El hecho, gravísimo y aberrante, es investigado por la Fiscalía de Responsabilidad Penal Juvenil, a cargo de José María Guadagnoli, que solicitó la detención de cinco menores de edad que están identificados como partícipes del abuso, aunque el Juez de Garantías Ricardo Pratti denegó el pedido, a la espera de la declaración de la víctima, que tendrá lugar recién mañana jueves, si están en condiciones psíquicas de afrontarlo.
La causa está caratulada “abuso sexual con acceso carnal, agravado por la participación de dos o más personas”, calificación máxima del Código Penal para un delito contra la integridad sexual, cuya pena es de ocho a veinte años de prisión.
Los acusados son, hasta el momento, todos menores de edad. En caso de ser condenados, deberán cumplir la pena en un Instituto de Menores hasta que lleguen a la mayoría de edad y sean trasladados a una cárcel común.
En el barrio Villa Igoillo la consternación es compartida. Mientras un grupo de la familia de la víctima la acompañó ayer a San Nicolás para la primera entrevista con el Fiscal Guadagnoli, al padre le tocó atender a los medios nacionales que llegaron para cubrir la noticia.
Si en principio el aberrante relato de una violación grupal hizo que muchos se preguntaran “qué pasa en San Pedro”, una mirada más abarcadora deberá poner el interrogante en una sociedad –sampedrina, bonaerense, argentina, latinoamericana, occidental– en la que es posible que diez adolescentes no reparen en la magnitud de su accionar, como si se tratase de una broma –también repudiable, por cierto– del tipo “arrojamos a la cumpleañera a la pileta y le arruinamos el vestido”.
Una fiesta con atroz desenlace
No identificar a la víctima es una regla que los medios nacionales violaron sistemáticamente desde que se hicieron eco de las publicaciones locales. A esta altura, el país sabe cómo se llama, dónde vive, conoce el rostro de sus padres y hasta el patio de su casa. El lector de estas páginas quizás también. Nada de ello será reproducido aquí.
La joven, la adolescente, la chica, la víctima –hay tantas maneras para nombrarla– había cumplido 15 años. Había dejado la escuela porque era blanco del bullying de sus compañeros en la misma institución cuya directora supo tener expresiones poco felices para con sus alumnos en conflicto.
No podía festejar. Su familia no estaba en condiciones económicas de hacer una fiesta de 15. Tímida, seria, de pocas palabras, sencilla y agradable la describieron en la casa de su mejor amigo, aquel que quería que ella festejara y le preguntó a su madre si acaso podrían hacerlo en su vivienda.
Allí, donde el amigo de la víctima vive con su pequeño hermano de 13, su madre y su padre albañil, primero le dijeron que no sería posible hacer una fiesta.
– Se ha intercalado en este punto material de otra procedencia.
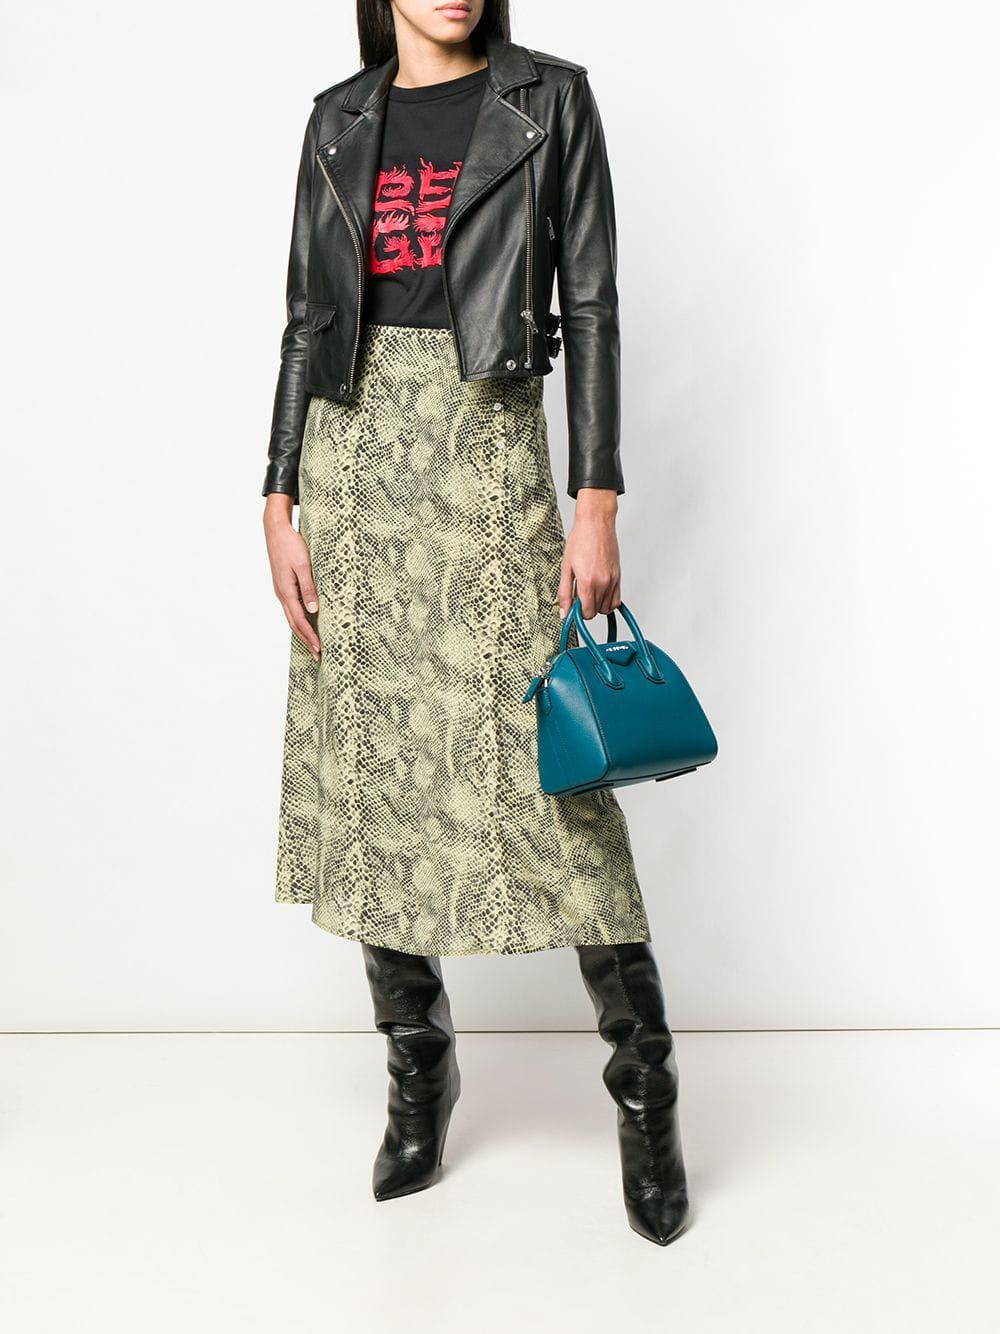 bd0bb14c8d Lyst - Givenchy Antigona Mini Leather Bag in Green

Luego accedieron. La casa, como tantas otras del barrio, está en construcción: lo que se ve es el plan de la nueva cocina y un altillo para el cuarto de ese hijo mayor que quería un cumpleaños para su amiga.
En Villa Igoillo, cuando Zannúcoli llega al 500, la calle se termina para dar lugar al comienzo de un campo conocido como el “de la familia Altamonte”, que tuvo su momento de relevancia pública porque fue una de las primeras grandes excepciones a la San Pedro 2000 para habilitar loteos.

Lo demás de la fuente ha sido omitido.